I grew up around people who believe in a lot of myths. I was the in-house “engineer” of the family even as a child, I was forever fascinated with how things work, especially electricity. There is one uncle who was an electrical technician, we usually require his services every now and then. The myth is if you hold your breath and touch a live wire that you will not feel any electric shock.

The local technician did not just say that that is possible, he apparently held his breathe and touched a live wire and did not flinch. I watched him do this, but as he never said what we hear when people perform a dangerous stunt on TV these days- do not try this at home- I did try that while he was gone with almost a fatal result! The story of what happened will make an entire post, moving forward, it was later that I got to know how he did it.

First, it has nothing to do with holding his breath, it has everything to do with electricity and how it operates.

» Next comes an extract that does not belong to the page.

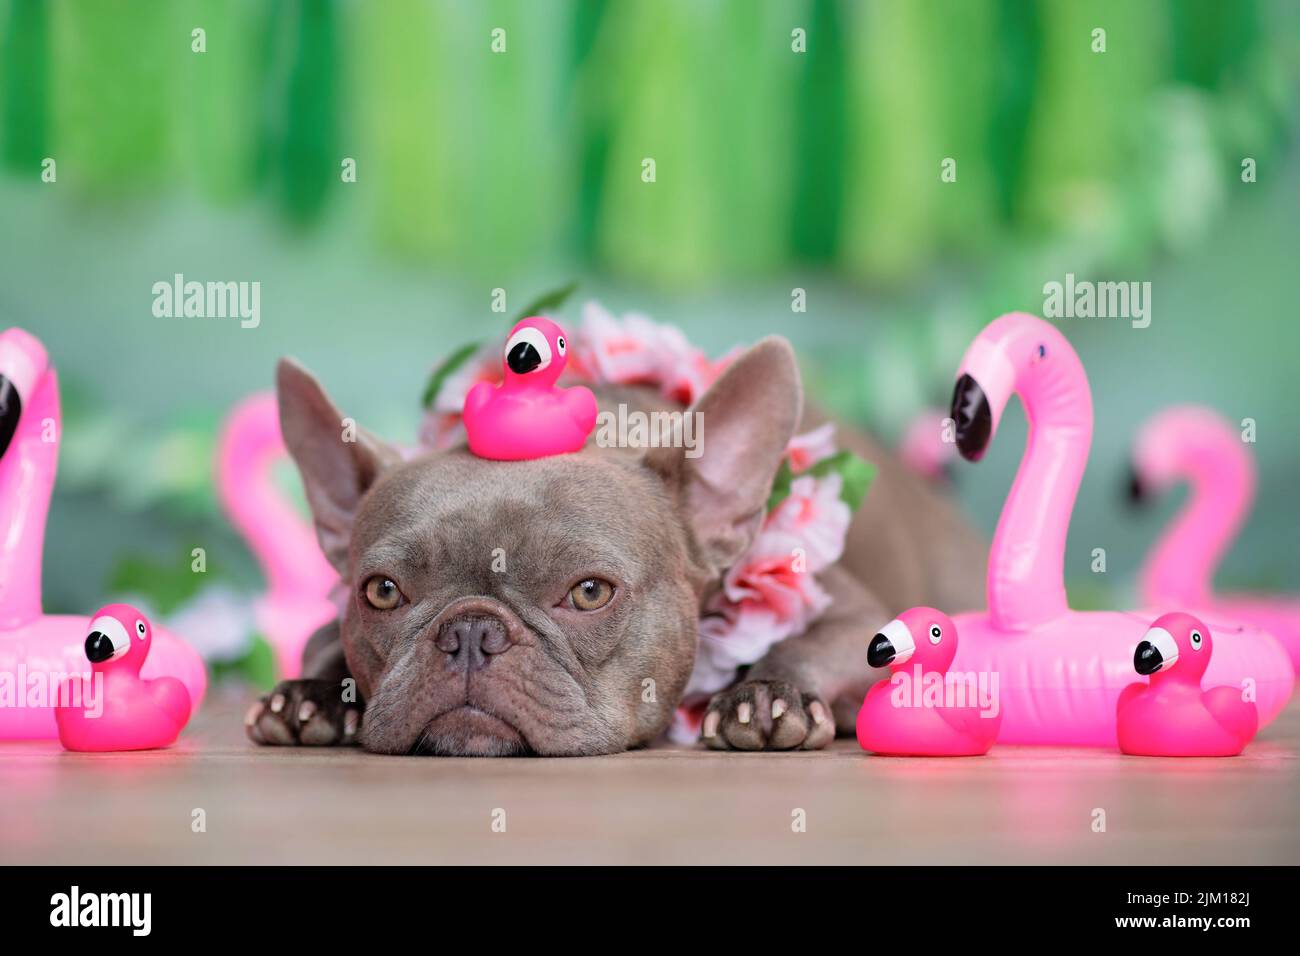 Perro Bulldog francés con flamenco de juguete de goma rosa en la cabeza y guirnalda de flores tropicales frente a fondo verde Foto de stock

For electricity to flow, electrons must move. The electrons travel through the wire/conductor to get to the next point of reference. Imagine climbing uphill with a bag of bowling balls, on getting to the peak of the hill, you throw down these balls. If the balls represent current, and there is a path made on the hill, it will move down the hill until it gets to the valley where all movement will cease.

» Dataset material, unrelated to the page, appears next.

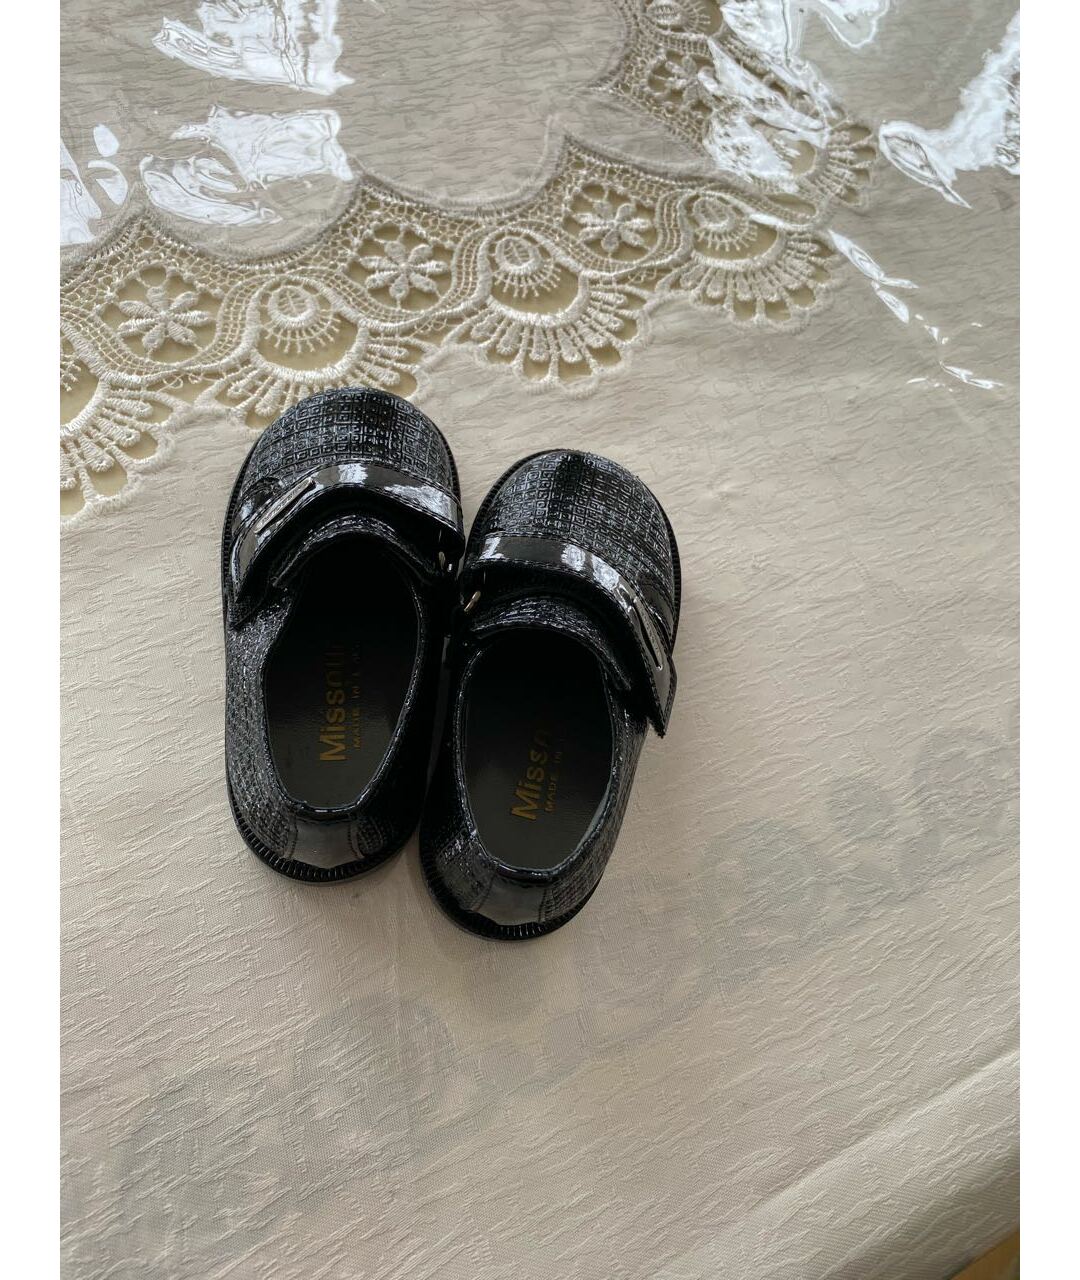 MISSOURI Черные ботинки из лакированной кожи, фото 2

At the valley, the ball can no longer move because there is no difference in potential. This same potential is the main reason a bird can perch on a high voltage line and not get zapped or electrocuted. It stands on a single wire and this is on the same potential, the current will not have any potential difference for it to travel through the body of the bird.

 

But an overconfident/ careless bird may get itself fried if on taking off its wing mistakenly makes contact with another wire, there will exist a potential difference between these two points which will be analogous to creating another downhill path for the bowling balls on the valley to roll down in.

Back to my story, the electrician did a risky thing, but he may be acting out of years of experience. I later noticed he wore a heavy insulated safety boot and he was not making contact with any other object. Now, for electricity to flow, the circuit must be closed, eg when you turn off the lamp in your room, you merely opened up the circuit that breaks the electrical connection.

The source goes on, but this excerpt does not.